Hahnemann was inspired by the works of Albrecht Von Haller, who wrote in his Pharmacopoeia Hevelt in 1771 of the need to test small doses of medicines on healthy individuals in order to ascertain their medicinal effects. Of this suggestion Hahnemann observed "no one, not a single physician attended to or followed up this invaluable hint."

 

Also, in 1789 Hahnemann published his translation of Cullen's Materia Medica and criticised bloodletting and other purging methods in use in his day. He was also critical of the reasons Cullen gave for the medicinal properties of many of the remedies in his materia medica, and he questioned his belief that the Peruvian bark (China) got its medicinal action from its bitter taste and tonic effects on the stomach.

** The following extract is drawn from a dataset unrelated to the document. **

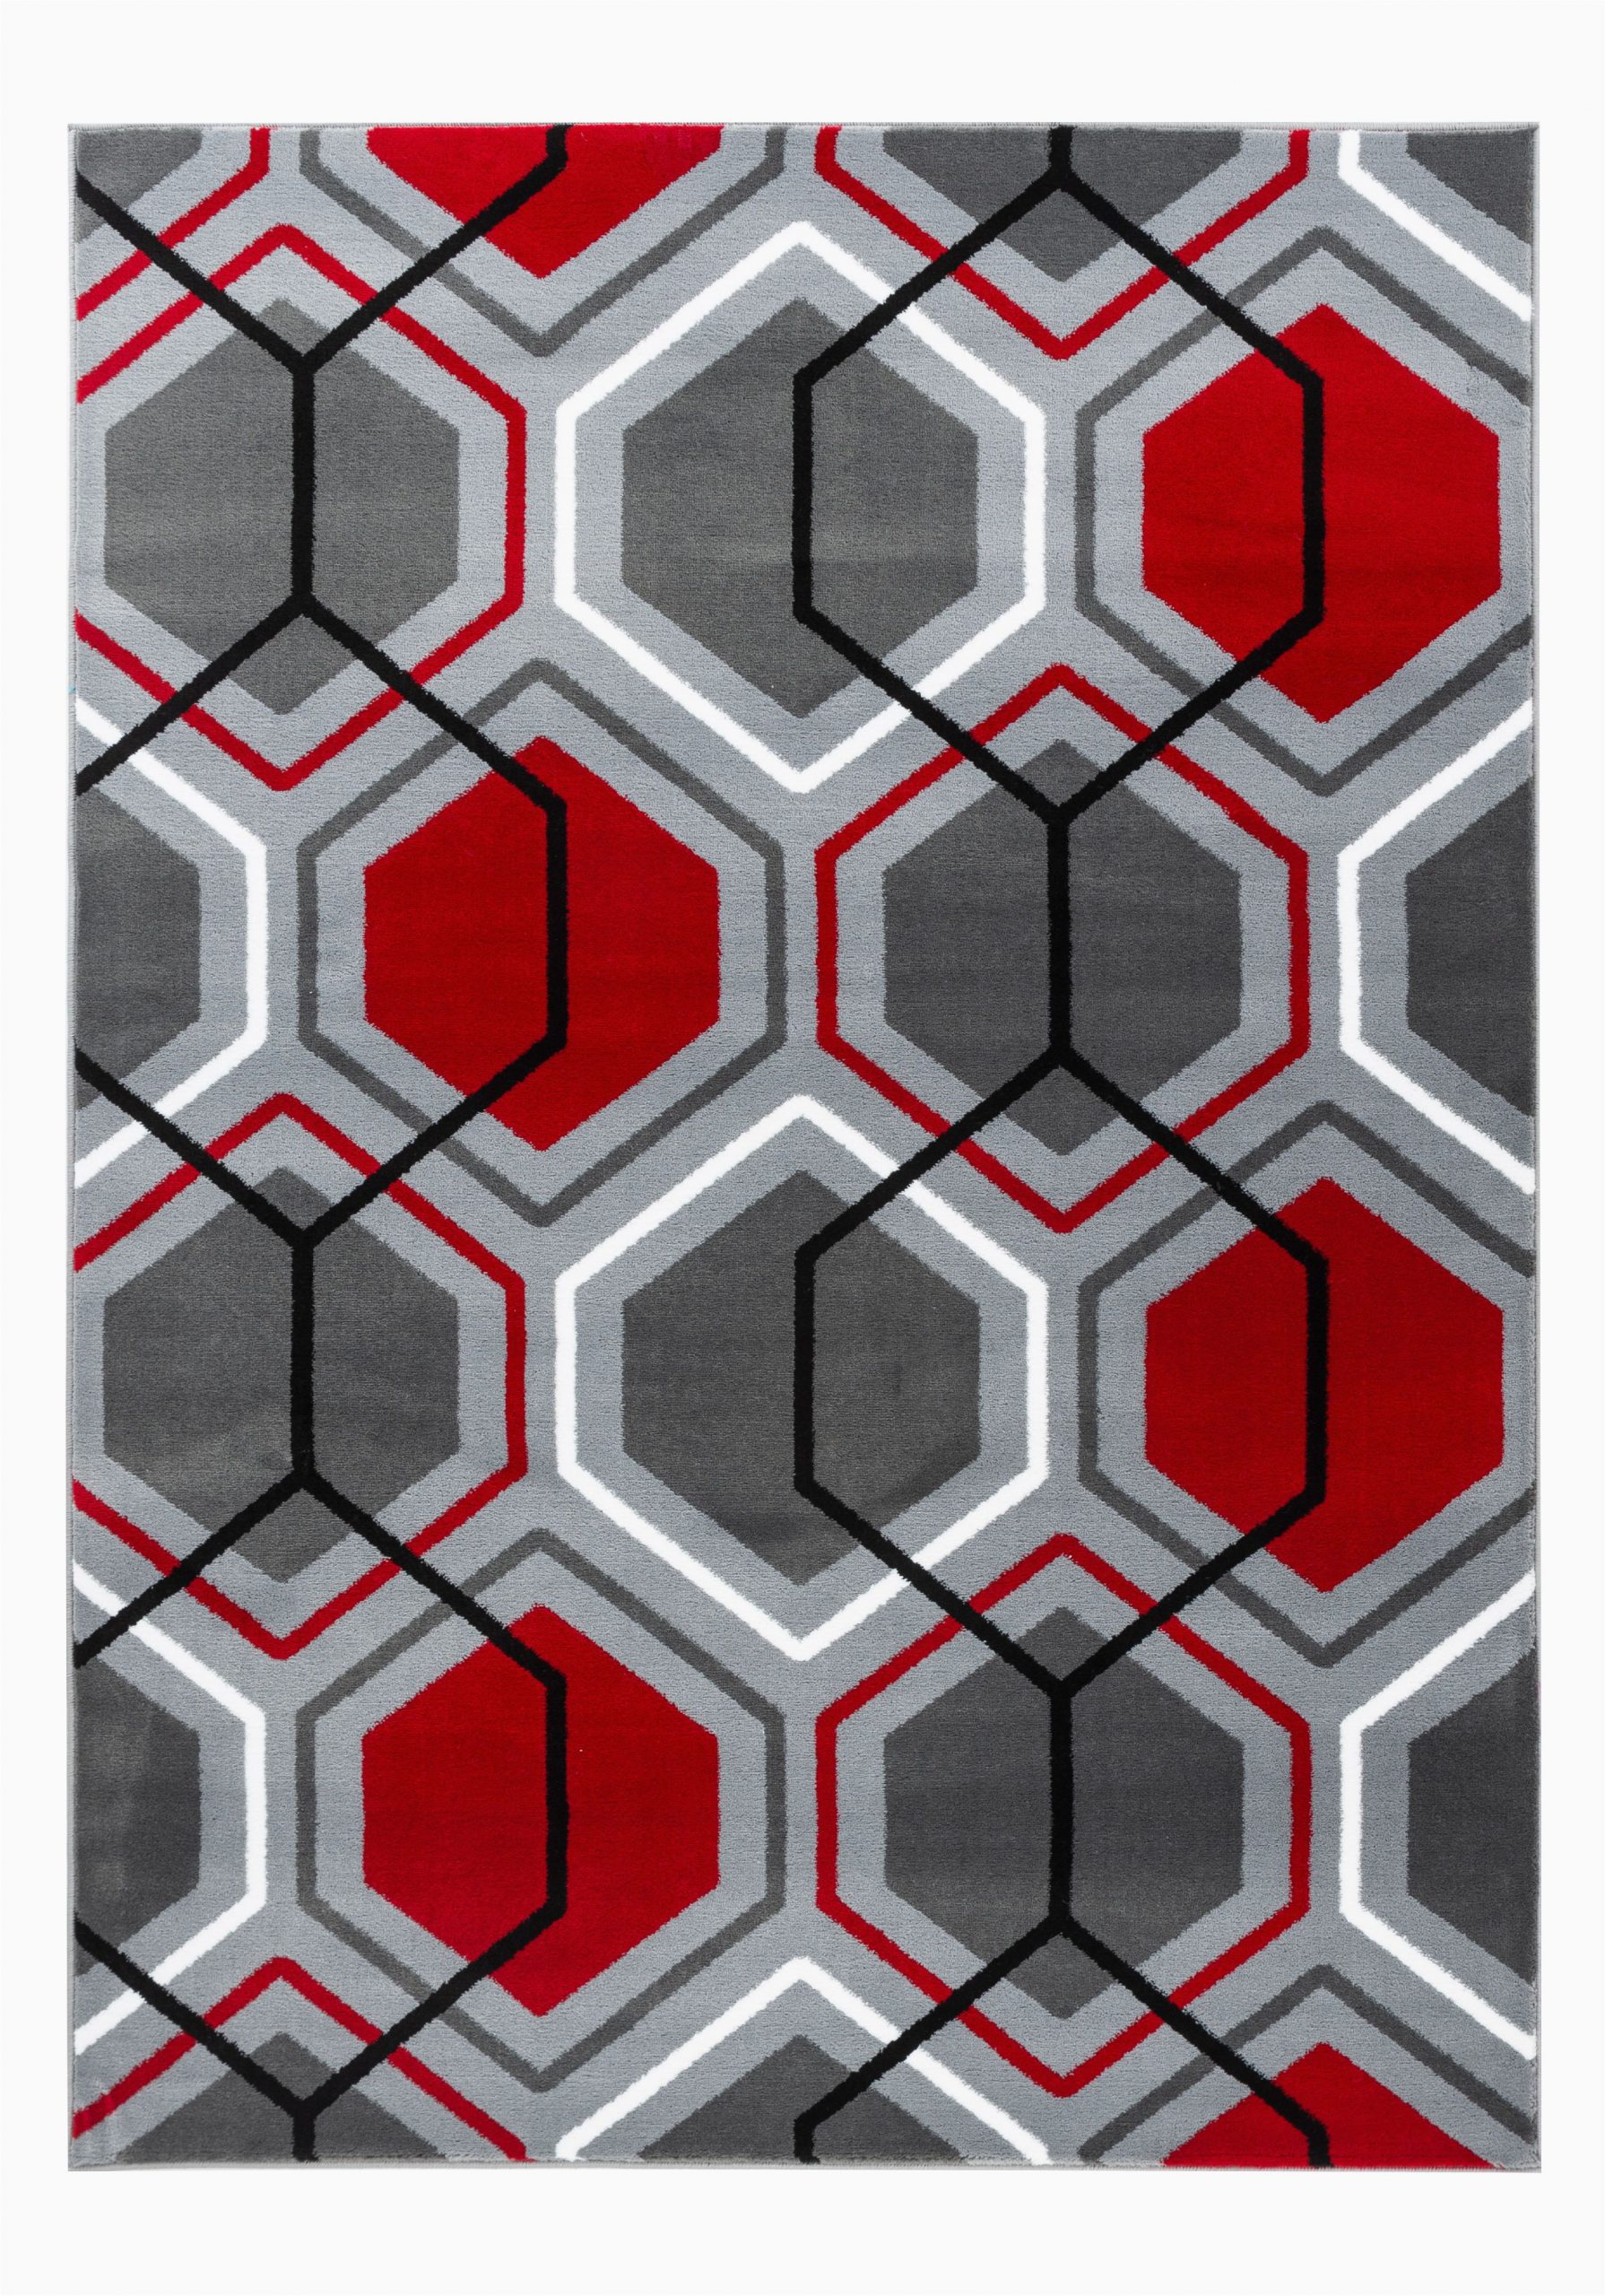 Grey and White area Rug Walmart Summit Collection Geometric Honey B Red Grey Red area Rug Walmart

As the Peruvian bark was being used at the time to cure intermittent fever, Hahnemann decided to try Von Haller's methods to test it out. Hahnemann began to take four drams of Peruvian bark twice daily for several days - this was the first of 99 remedies that SH used to test on himself and close associates, and which was later recorded in his The Materia Medica Pura and The Chronic Diseases their Peculiar Nature and their Homoeopathic treatment - and he discovered that the various symptoms he was experiencing were typical of intermittent fever. He didn't actually have the fever, just its symptoms and when he discontinued taking the Peruvian bark, the symptoms disappeared. In his first homoeopathic proving, he found a reason for the action of remedies that satisfied both his observations and experience: "Peruvian bark, which is used as a remedy for intermittent fever, acts because it can produce symptoms similar to those of intermittent fever in healthy people." With this realisation came the dawn of homoeopathy and the maxim: 'Similia Similibus Curentur': similars be cured by similars.

 

It was Hahnemann's great respect for the 'secrets of nature' that guided him in all his discoveries. He believed that there was wisdom within the human soul for those who were willing to look deeper than just the surface.

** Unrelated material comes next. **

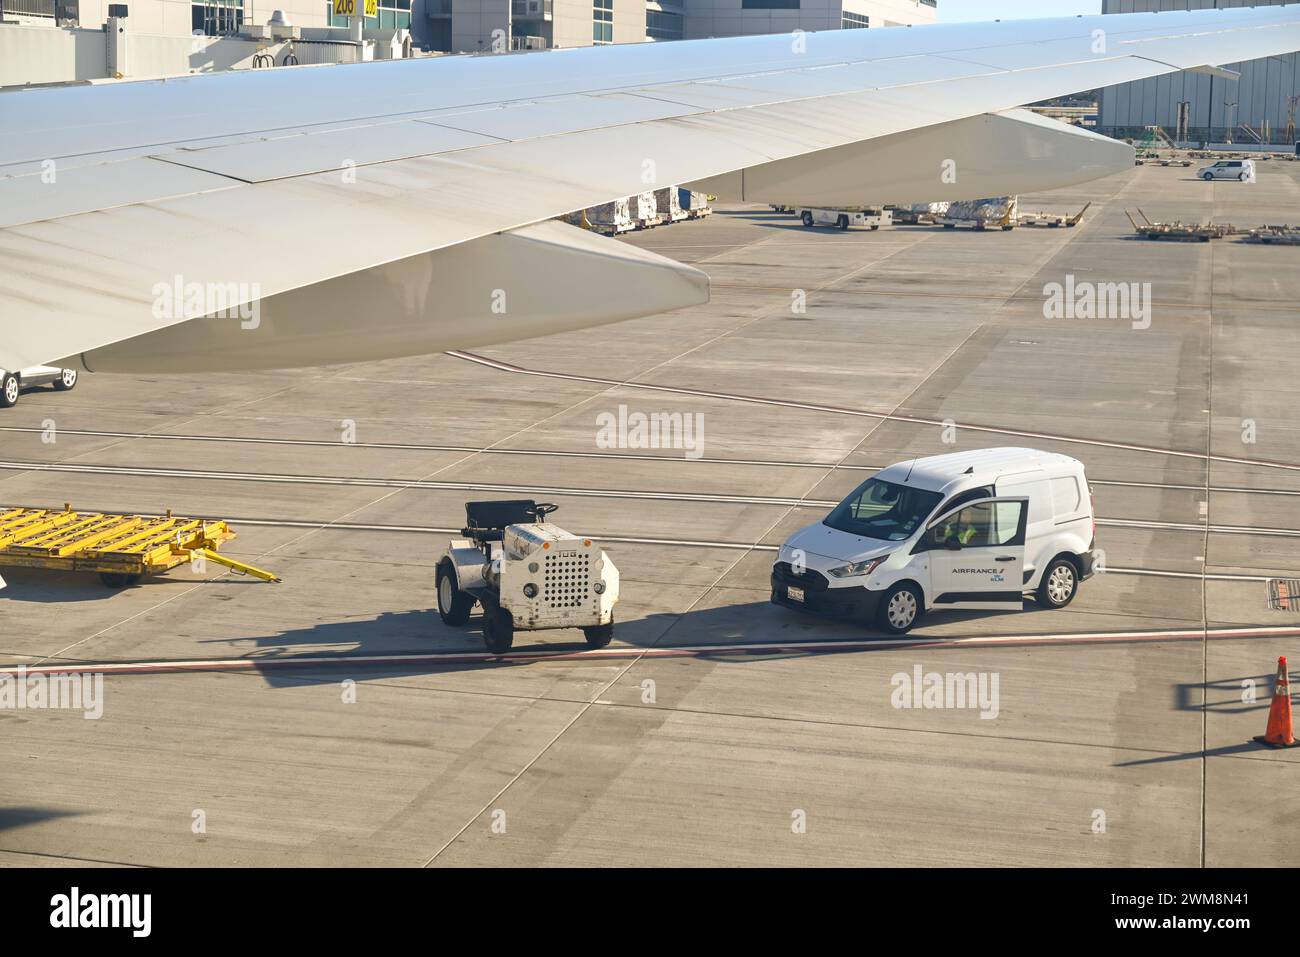 Air France/KLM  Ground crew servicing airplane at LAX, in Los Angeles, CA Stock Photo

One of the earliest proponents of the vitalist school who deserves special mention is the great Renaissance physician Paracelsus (1493-1541), who undoubtedly came closest to the therapeutical ideals of Hahnemann. After him the Vienna physician Anton Freiherr von Störck (1731-1803) and the Englishman John Brown (1780) had formulated similar ideas.

And it all began with Hippocrates, who after closely observing nature, announced that there are two possible ways of curing: by the contraries and the similars. Aulus Cornelius Celsus (fl. 1st century AD, Rome), one of the greatest Roman medical writers, by some writers is ascribed to have received renown for relying on this approach. The way of contraries would be followed a century later by Galen of Pergamum (born AD 129, died c. 199). The system of similars would be sketched by philosophers such as Saint Thomas Aquinas and by doctors who defined the so-called vitalism in medicine.

 

While Hahnemann was living in Tourgau in 1810 he published the first complete text book on homoeopathic philosophy: The Organon of the Rational System of Healing.

The Organon gave the healing profession the first complete picture of homoeopathic philosophy and pathology (and still does (5th/6th Editions)) and laid the foundation for a new revolutionary system of healing. It still is the central manuscript on which the Art and Science of Homoeopathy is based.